A new book by former House Intelligence Committee Chairman Pete Hoekstra exposes how an inexperienced president and politicized State Department turned relative stability in Libya into unmitigated chaos.
Titled “Architects of Disaster: The Destruction of Libya,” Hoekstra documents how the Obama administration and Secretary of State Hillary Clinton upon taking office in 2009 reversed decades of bipartisan and successful U.S. foreign policy. They embraced and legitimized “moderate” Islamists such as the Muslim Brotherhood in Egypt and the mullahs in Iran with no preconditions.
The reversal also meant that allies such as Libyan dictator Muammar Gaddafi – who went from international pariah to a leader on whom the U.S. could count in the war against radical Islamism in the years after 9/11 – became a dead man walking.
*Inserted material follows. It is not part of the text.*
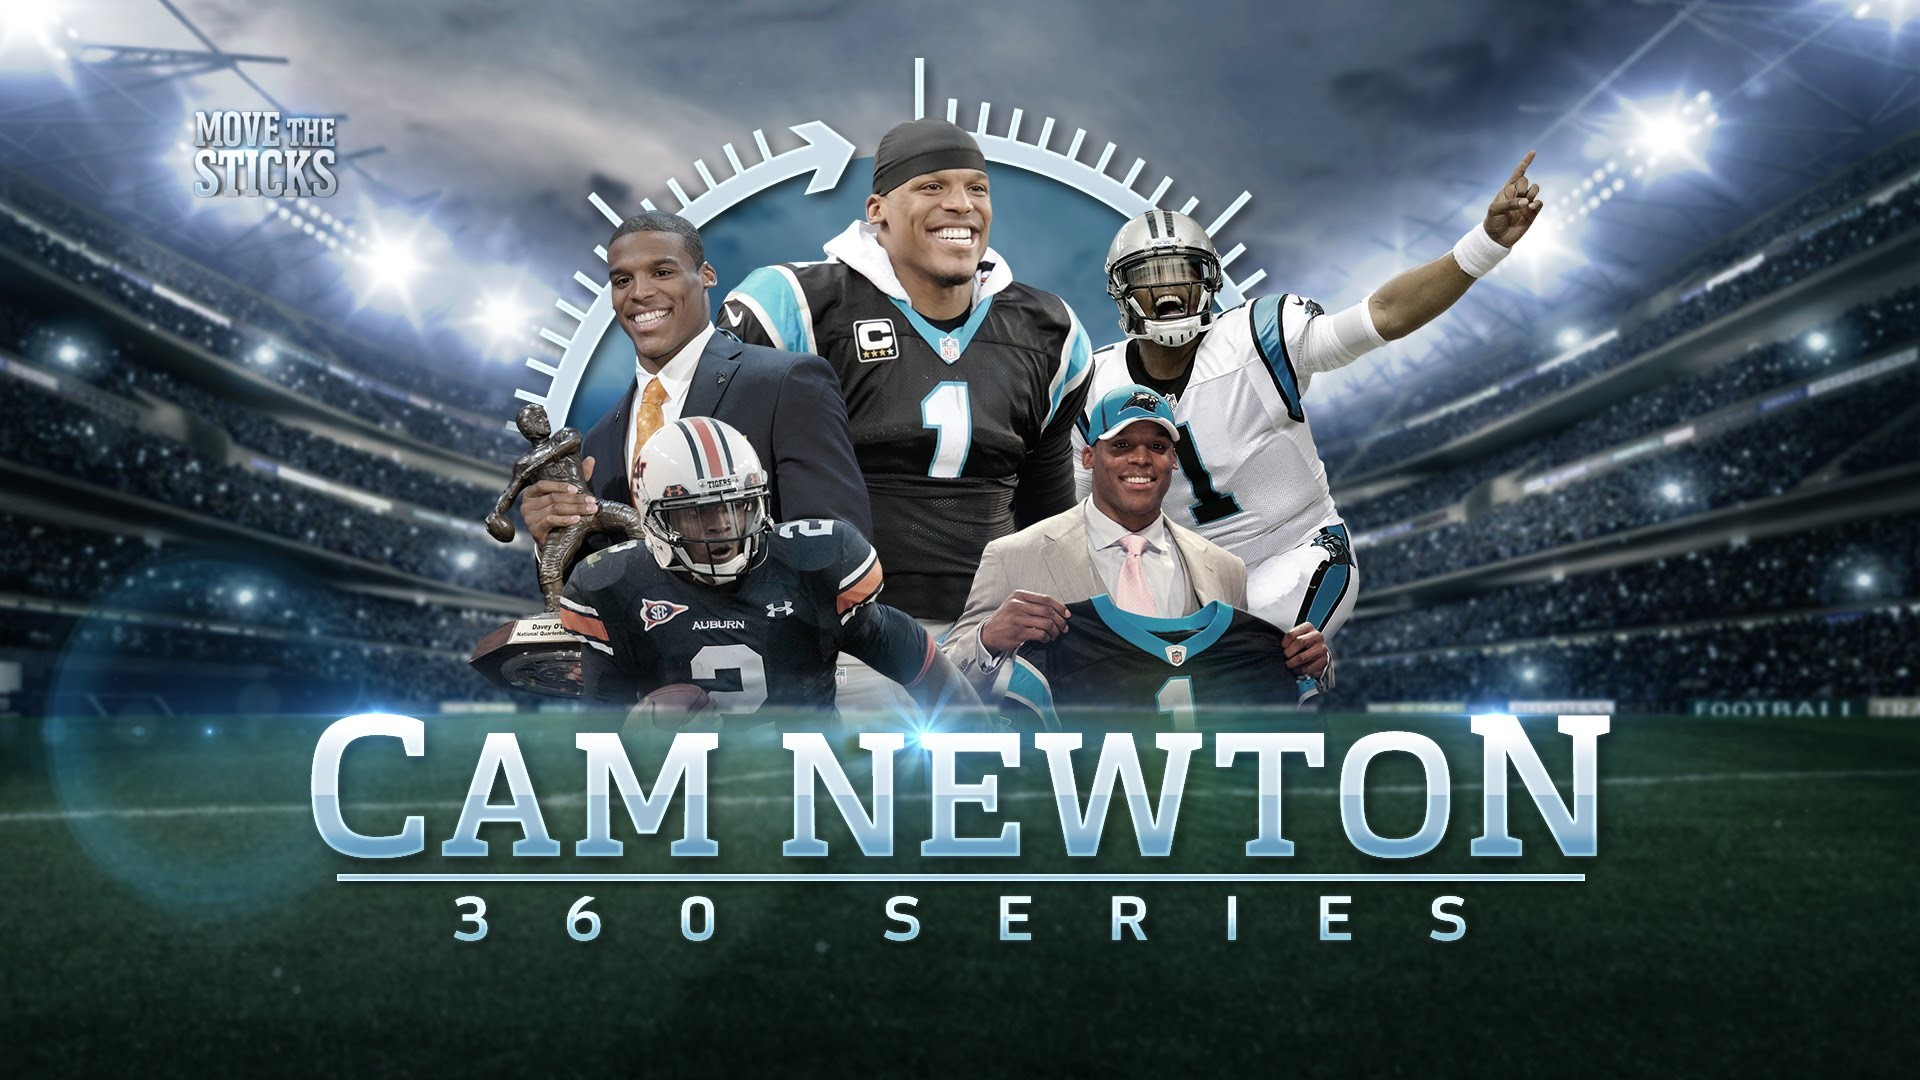 Cam Newton: From Junior College to MVP | Cam Newton 360 | Move the Sticks |  NFL

The resulting NATO/U.S. campaign to depose Gaddafi unleashed the terrorist elements he held under control for so many years and created a failed state that exports training, ideology and weapons to radicals throughout the Middle East and North Africa. It sowed the seeds of ISIS in Syria and Iraq, which today is inflicting barbaric genocide against religious minorities and creating a humanitarian crisis in Europe.
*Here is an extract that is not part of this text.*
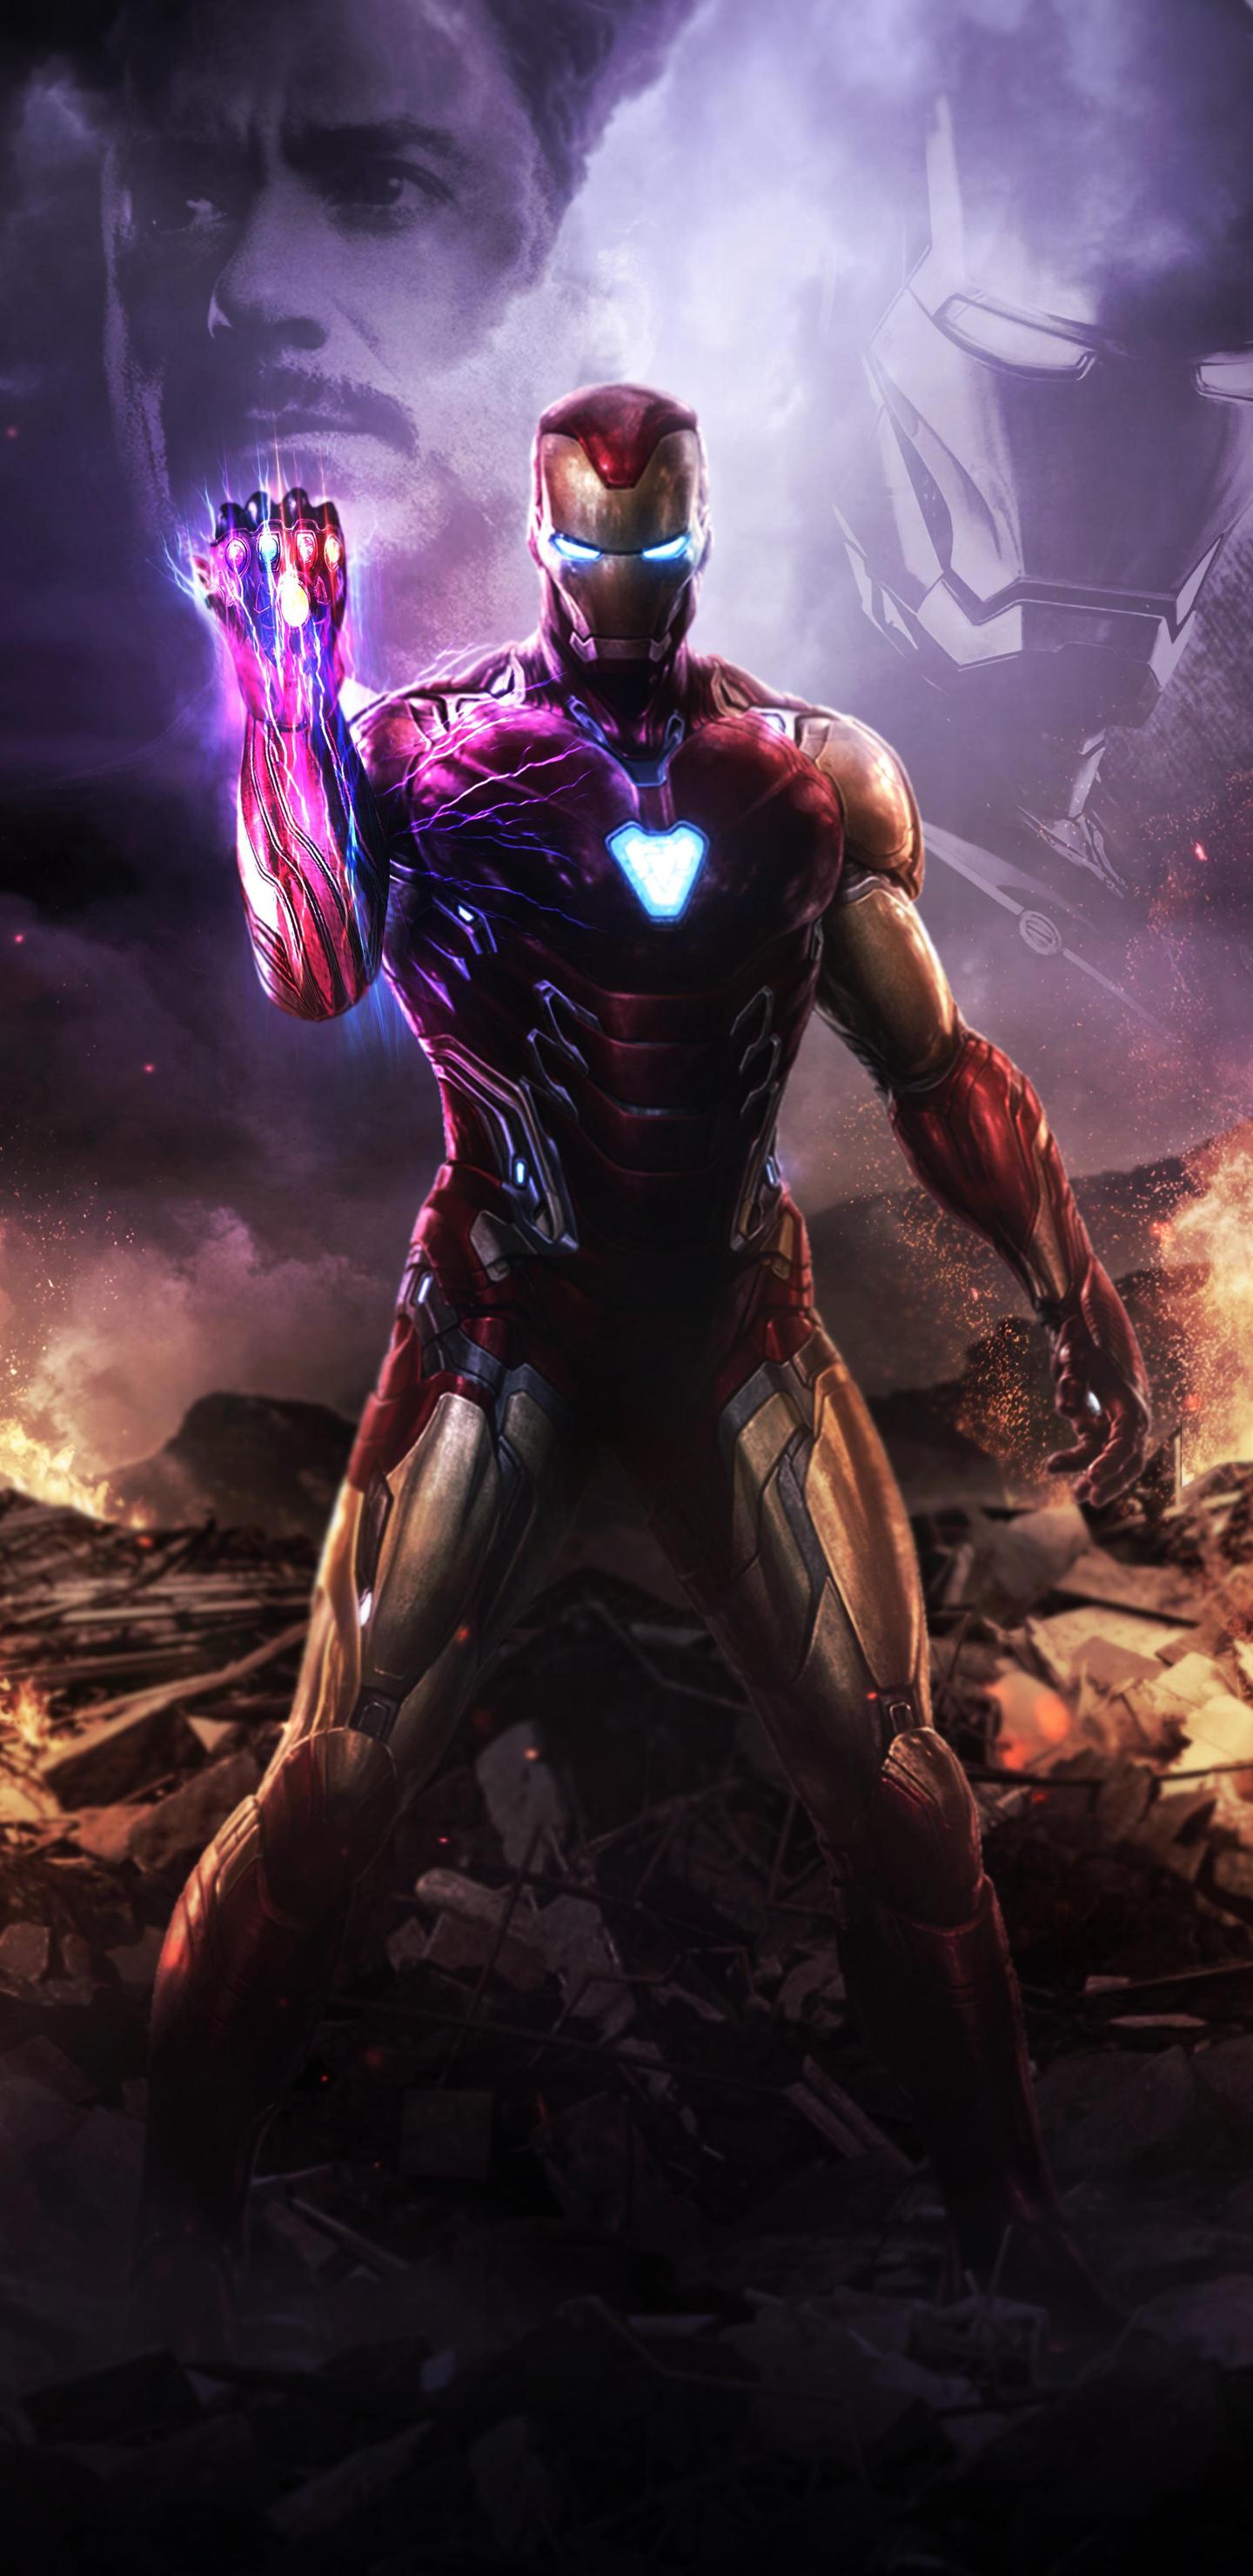 1440x2960 Iron Man Infinity Gauntlet 4k Samsung Galaxy Note

With a foreword by renowned Islamist terror expert Steve Emerson and drawing upon insider sources and a depth of experience, Hoekstra’s “Architects of Disaster” is a profoundly honest and penetrating look at a foreign policy gone disastrously wrong.
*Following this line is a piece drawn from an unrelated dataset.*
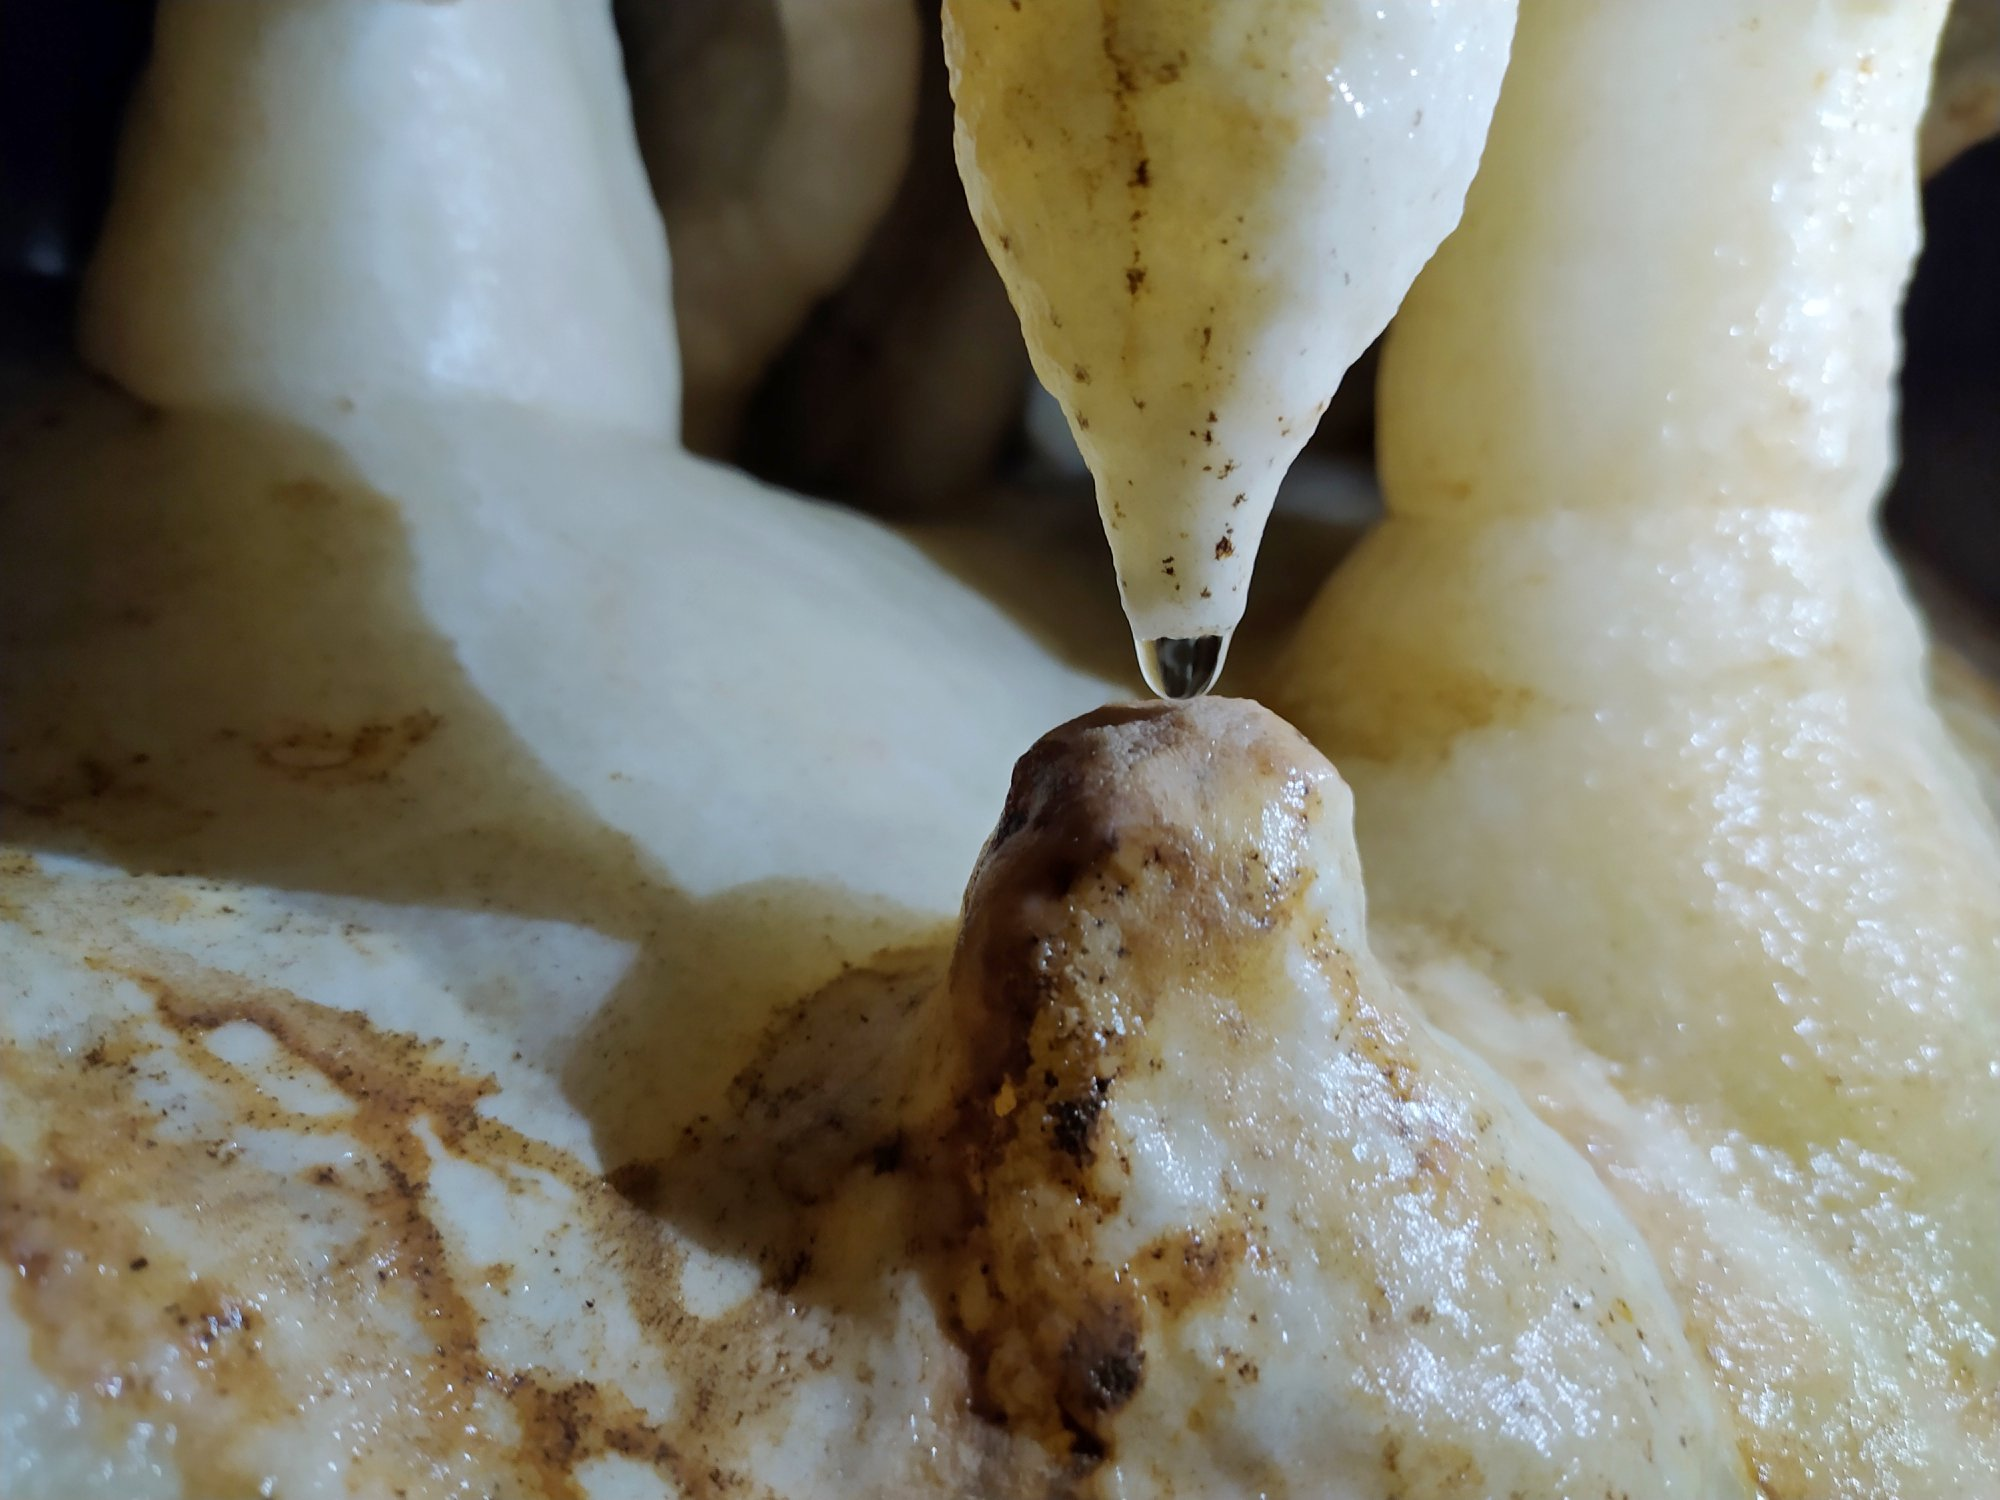 carsismo-stalattite-stalagmite

Hoekstra, who now serves as the Shillman Senior Fellow with the Investigative Project on Terrorism, met with Gaddafi on three separate occasions as a member of the House Intelligence Committee. He describes Gaddafi’s transformation from an international outcast into a leader willing to ally his country with the U.S. in a very troubled region of the world.
Gaddafi’s stock had fallen tremendously following decades of supporting global terror, including bombing a Berlin discotheque in 1986 and horrifically taking down Pan Am Flight 103 over Lockerbie, Scotland in 1988.
The world isolated him through sanctions, and Republican and Democratic administrations kept the pressure on.
In 2003 – after witnessing America’s determined resolve against terror especially in the years following 9/11 – Gaddafi came in from the cold. He shuttered the country’s nuclear program, agreed to pay reparations to victims of his terror campaigns, leashed radical Islamists in northern Africa and secured Europe’s southern border from jihadists crossing the Mediterranean Sea.
Hoekstra writes in ‘Architects of Disaster’ that he could not be forgiven for the terrorist atrocities he had previously committed, but his sudden willingness to change his polices to align with U.S. interests represented a remarkable bipartisan foreign policy success in the world of reapolitic. All of this changed when the U.S. elected a new president who identified himself largely as the opposite of his predecessor who would do things differently.
The new president seated Muslim Brotherhood leadership in the front row of Obama’s historic speech to the Muslim world in Cairo, which served as a precursor to the administration standing by while Islamists overthrew America’s long-time ally Hosni Mubarak and started implementing Sharia law.
The administration also changed direction in Iran by reaching an agreement that enabled its mullahs to move forward on their nuclear program with nothing in return for the U.S. or its allies in the region.
In Libya, the 2011 NATO/U.S. intervention required directly cooperating with radical jihadist veterans of Iraq and Afghanistan, including Ansar al-Sharia. The organization’s leader, Ahmed Abu Khattala, was charged as the prime suspect in the attacks on the Benghazi diplomatic compound, which resulted in the murder of U.S. Ambassador Chris Stevens, along with fellow Americans Sean Smith, Tyrone Woods and Glen Doherty, on September 11, 2012.
Gaddafi’s deposition and murder was a dream come true for the Islamists and the inevitable outcome of a foreign policy on Islamist terror grounded in wishful thinking and self-delusion bordering on criminality.
Hoekstra says that lawmakers will need to implement the lessons learned in Libya as consistent bipartisan understandings and principles to guide foreign affairs. Islamist hostilities are permanent and intractable, so the U.S. had better become serious about defining and defeating the threat.
In the Middle East, Hoekstra writes in ‘Architects of Disaster,’ history has proven that autocratic leaders who are pro-Western are infinitely preferable to the evil regimes bent on spreading terror and Islamic hegemony in addition to their persecution and execution of women, religious minorities and homosexuals.
Obama’s reckless decisions in the Middle East to depose secular autocrats in favor of genocidal Islamists in the name of democracy have helped to eviscerate national security gains that the U.S. had painstakingly built over decades.
If we don’t change our policies, Hoekstra warns, the U.S. and the world will pay the price for years to come.